Impedans Octiv used in a study demonstrating a simple radio-frequency (RF) power-coupling scheme for a micro atmospheric pressure plasma jet

Octiv VI Probe Application Note [OC02]

 

Study:

There has been a lot of attention in recent times on atmospheric pressure plasmas excited by radio-frequency sources, thanks to new applications, especially in plasma medicine. Schulz von der Gathen’s micro atmospheric pressure plasma jet (μAPPJ) in particular, has been studied in depth both experimentally and numerically. This abundance of research and the ease of implementation make it a promising plasma source for applications involving plasma interactions with biological materials.

In this paper, the authors demonstrate a simple radio-frequency (RF) power-coupling scheme for a micro atmospheric pressure plasma jet (μAPPJ) based on a series LC resonance, with the discharge gap being part of the resonant element. The Impedans Octiv was used in the experiment.

Method:

The illustration below shows the experimental setup:

Figure 1: Steel plasma reactor schematic

A variable frequency signal generator and a broadband amplifier (50 dB) was used to generate the RF voltage. A tunable capacitor (Cext = 2–22 pF) and an inductor (L = 16.5 μH, Micrometals T68-6 core) were engaged to tune the circuit into resonance at a frequency close to 13.56 MHz.

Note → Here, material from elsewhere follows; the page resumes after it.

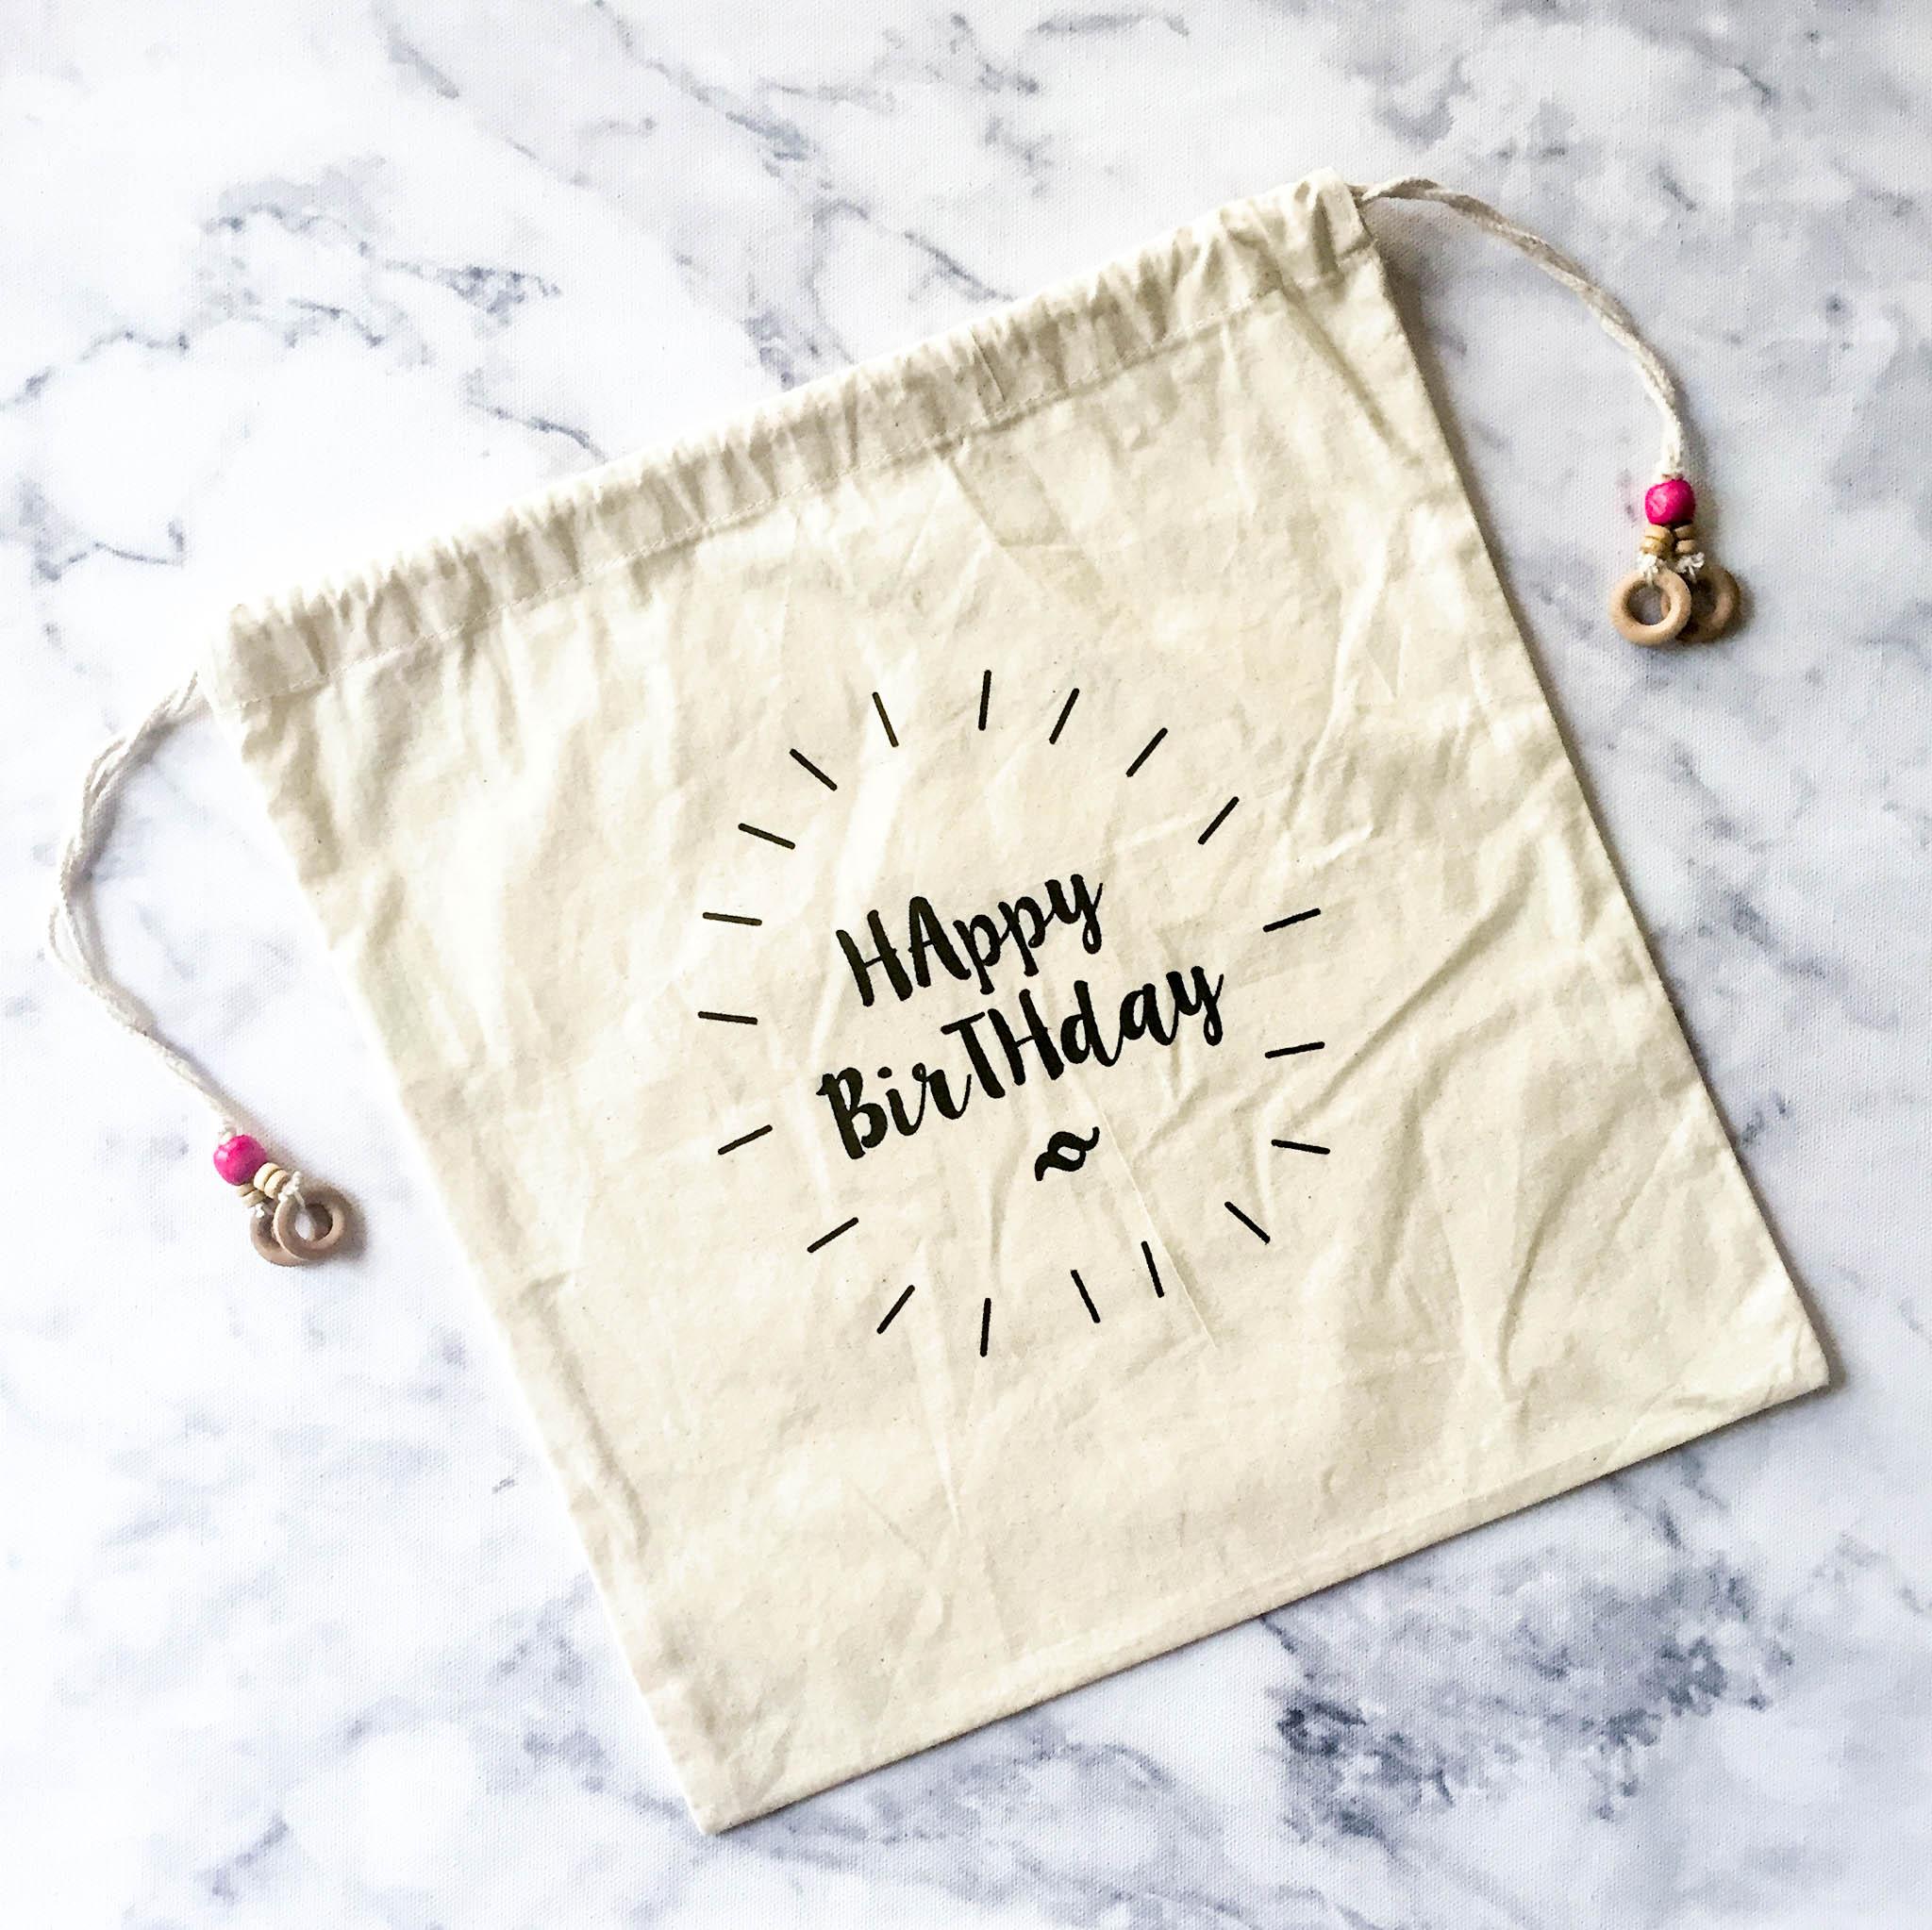 HAPPY BIRTHDAY GIFT BAG - left-handesign

The Impedans Octiv, factory calibrated at 13.56 MHz, with a nominal accuracy 2% in the range of 13.56 ± 0.5 MHz, was used to measure the input voltage, current and phase shift before the coupler. In addition, a calibrated capacitive probe was used to measure independently, the voltage at the powered electrode. Fan cooling was used to reduce the temperature-related drift of the coupler losses to less than 10%.

Findings:

The graph below illustrates the power dissipated in the coupler versus rms current squared:

Figure 2: Deposition rate vs. electrode separation at constant RF power (5W) and constant ion flux (7.5 x 1017 ions m-2 s-1)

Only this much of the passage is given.